Третий голос звучал грубо, и все слова казались прерывистыми, словно говорящий бил молотком, вколачивая гвоздь в доску. Четвертый голос отличался неторопливостью, будто его обладатель философ и обдумывает каждое слово, совсем, как Крилавин. А в пятом сквозила нотка ворчливости, приправленная хроническим недовольством всем окружающим.
– … нам самим не хватает! – сказал Ворчун.
– Едва хватает, – нравоучительным тоном поправил его Философ. – Но если кое-кто будет меньше жрать, того и глядишь лишние килограммы уйдут.
– Это не лишние килограммы, – отозвался Грубый, – а естественный запас. И вообще, у меня фигура такая: коренастая.
– Щекастая у тебя фигура! – рассмеялся Простуженный и тут же зашелся приступом сильного кашля.
– А вот нечего оскорблять других, – хмыкнул Грубый. – Так от лихорадки никогда не вылечишься.
– Ага, не вылечусь, заражу тебя и мы вместе подохнем.
– Крипт… – буркнул обзывательство Грубый.
– Заткнитесь все! – вдруг рявкнул Ледяной.
Мали сжалась от ужаса. Она и не представляла, что человек способен настолько зычно кричать. Остальные завозмущались, интересуясь почему их затыкают, и Ледяной добавил:
– Она очнулась.
От этих слов у Мали по коже, словно бешенные клопы пронеслись. Разозленная, она резко села и обнаружила, что находится в темном помещении без окон. Единственным источником света была чахленькая лампа.
«Кажется, даже не магическая, а самая обыкновенная, крайтовая».
Суховатый с кислинкой запах низкосортного крайта расплылся по комнате плотным облаком, и проникал в легкие с каждым вздохом.
Насколько видела Мали, при таком плохом освещении, в комнате стояло семь или восемь кроватей самого разного вида, и больше ничего. Здесь была длинная одноместная кровать, двухъярусная стандартного размера, двуспальная и с широкой позолоченной спинкой.
Мали сидела на кровати с балдахином, а вокруг нее собрались четверо парней, не считая Ледяного.
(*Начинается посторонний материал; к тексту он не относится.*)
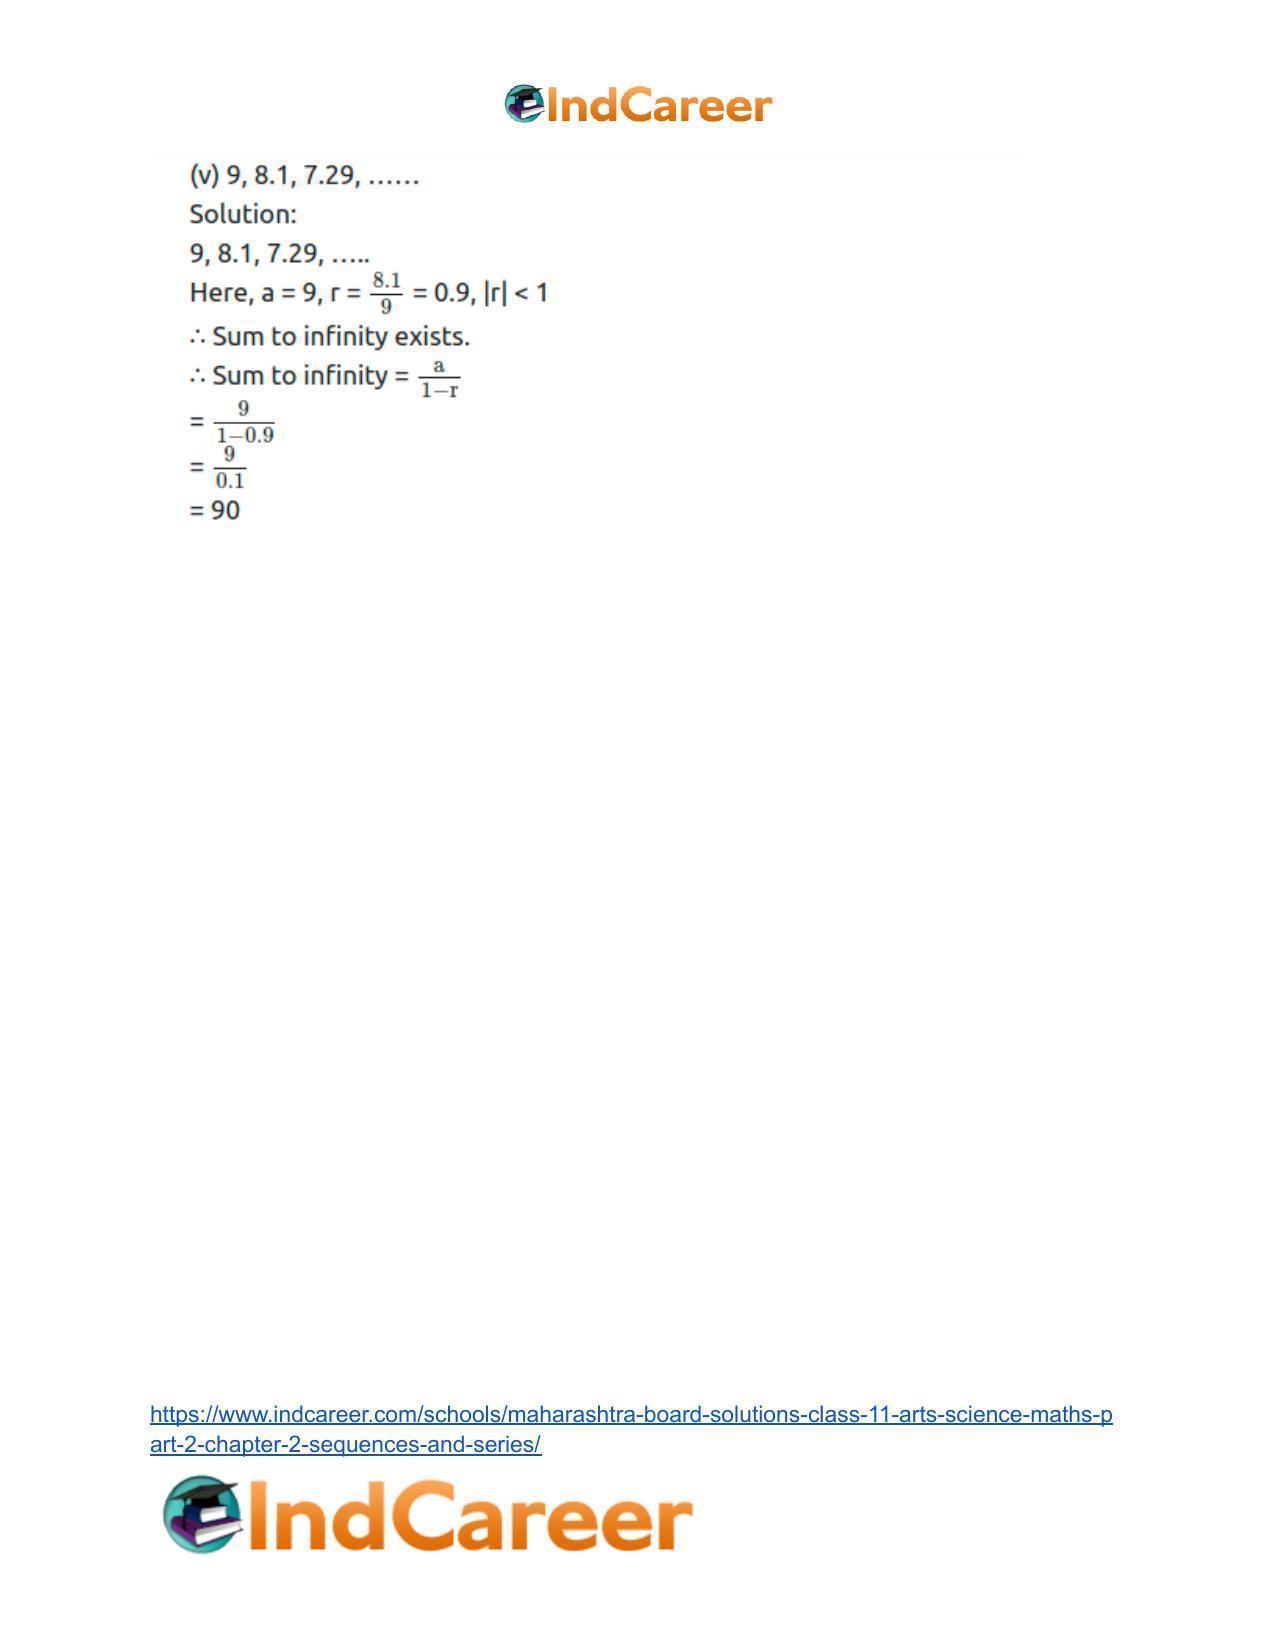 Maharashtra Board Solutions Class 11-Arts & Science Maths (Part 2): Chapter 2- Sequences and Series - Page 40

Самый плотный, явно был Грубым, его лицо напоминало свеженький кирпич с острыми, еще не осыпавшимися краями. От этого он казался старше и выглядел почти, как взрослый мужчина, но Мали решила, что всей компании лет по пятнадцать-восемнадцать.
Парень, который стоял ссутулившись и обхватив себя за плечи, имел болезненный вид и такой раскрасневшийся нос, что это было заметно даже при плохом освещении. Разумеется, это был Простывший.
Миловидный парень, больше похожий на мальчика, в очках квадратной формы и в широкополой шляпе, скорее всего, был Философом.
Плотный мускулистый парень со сдвинутыми бровями и не довольным видом – Ворчун. Его лицо очень хорошо сочеталось с голосом: презрительное, нахмуренное, недовольное.